The microhylid frogs of the Wet Tropics have persisted for around 10Myr (Hoskin 2004), passing through a series of extreme fluctuations in climate (Graham et al. 2006). Widespread species might have persisted through these fluctuations by virtue of their ability to reverse local extinctions by recolonization. However, species restricted to high elevations on a single mountain top do not have this option, and can persist only by virtue of high resilience of local populations. Species that sample broadly from the available range of food should be less susceptible to fluctuations in any particular food type than species that forage in a more specialized way. Pianka (1986) suggested that in low-productivity environments, such as these mountain tops, the low abundance of prey items encourages the generalization of diet to maximize returns per unit effort. This may be the mechanism that forces these geographically restricted species to be dietary generalists in order to survive.
The most widespread species, C. ornatus and C. infacetus, specialized particularly on ants. The reason for specialization on ants is unknown, although they undoubtedly represent a widespread and abundant food source (Andersen & Majer 2000). Optimal foraging theory (Pyke 1984) suggests that dietary specialization can occur when a reliable and abundant food source is consistently available. It seems plausible that the reliability of ants as a food source across the region has facilitated this level of dietary specialization.

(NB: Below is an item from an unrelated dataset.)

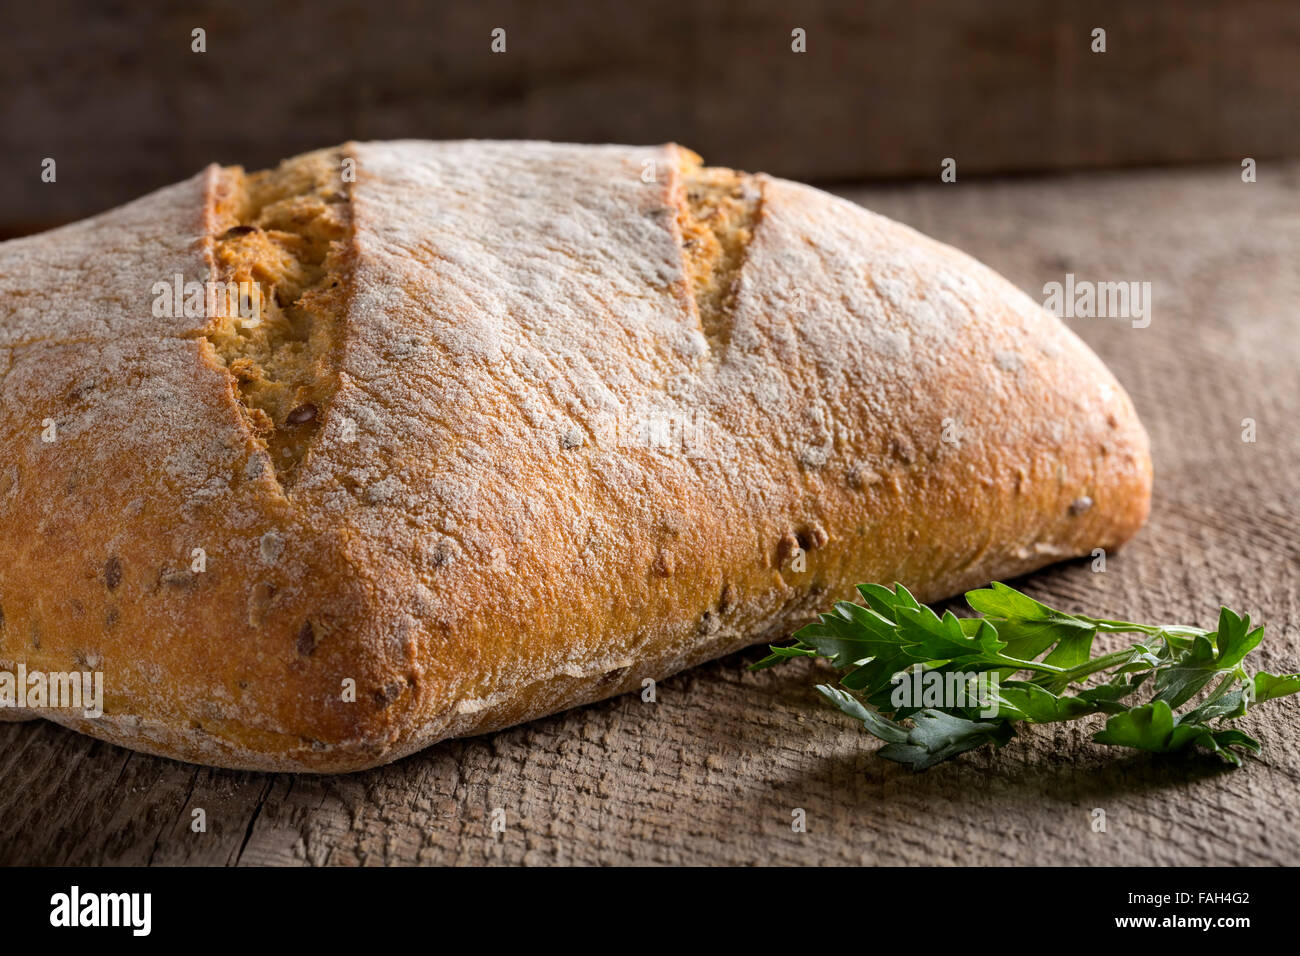 Homemade fresh baked bread loaf and parsley over rustic wooden background Stock Photo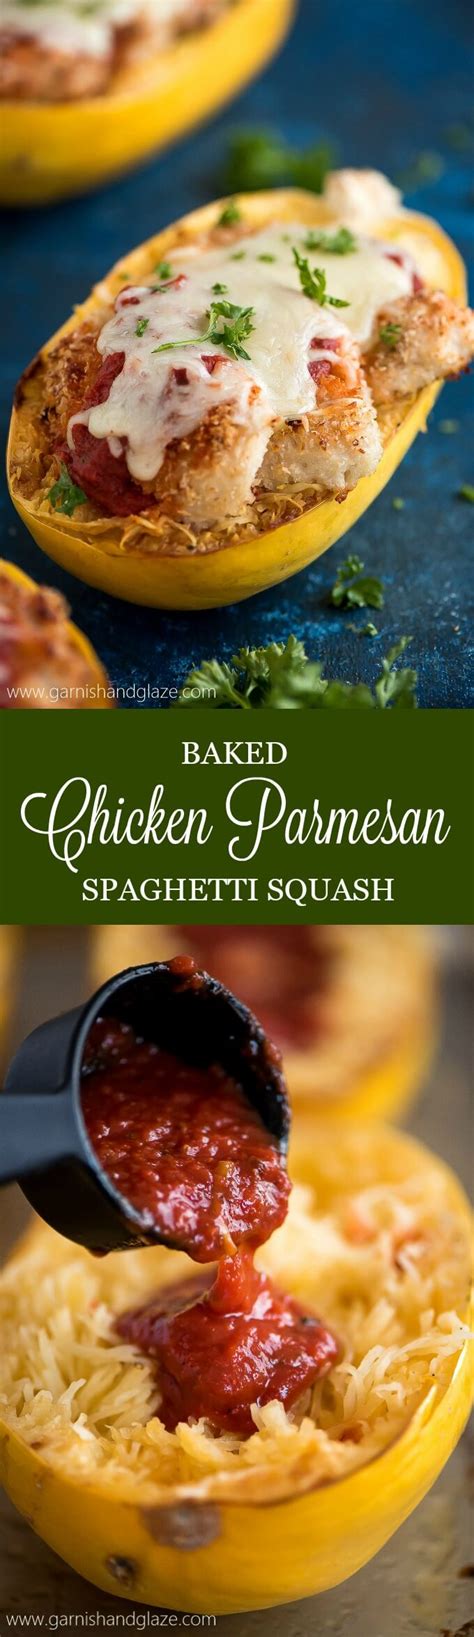 The chicken parmesan plus the spaghetti squash comes in at 360 calories, 34g of protein, 25g of carbohydrates, and 7g of filling fiber! Baked Chicken Parmesan Spaghetti Squash - Garnish & Glaze

The species with the most geographical overlap with other species was the one with the most distinctive diet, and there was a trend in our data for diet differentiation between species to increase with range overlap. This phenomenon occurs in many taxa (Schoener 1974) including ground-dwelling frogs in Peru, where Toft (1980) showed diet partitioning among 13 sympatric species with overlapping geographical ranges. In the case of Australian rainforest microhylids, the degree of dietary overlap requires further examination in order to determine if diet partitioning is a significant mechanism driving competition and thereby distribution patterns. Dietary partitioning in co-occurring species may also be one of the mechanisms that allow the sympatric species to occur in such high abundances.
In conclusion, our study indicates that ‘Brown's hypothesis’ is not universally true. In systems where species richness has been shaped by extinction risk, rare and common species may differ greatly in traits that confer ecological resilience on local populations. In the genus Cophixalus, we found that geographically restricted species, which should be at higher risk of extinction, have broad diets, consistent with the hypothesis that broad niche breadth has conferred high ecological resilience on local populations and allowed them to persist. This implies that other more specialized species may once have existed, but those that combined dietary specialization with small geographical range size have gone extinct.
We thank the Queensland Museum, Australia (particularly Patrick Couper, Andrew Amey and Jeanette Covacavich), Phil Munday, Joanne Isaac and Brett Goodman for comments on the manuscript and Glynn Buffett for help in sample collection. This work was supported by the Rainforest Co-operative Research Centre and James Cook University.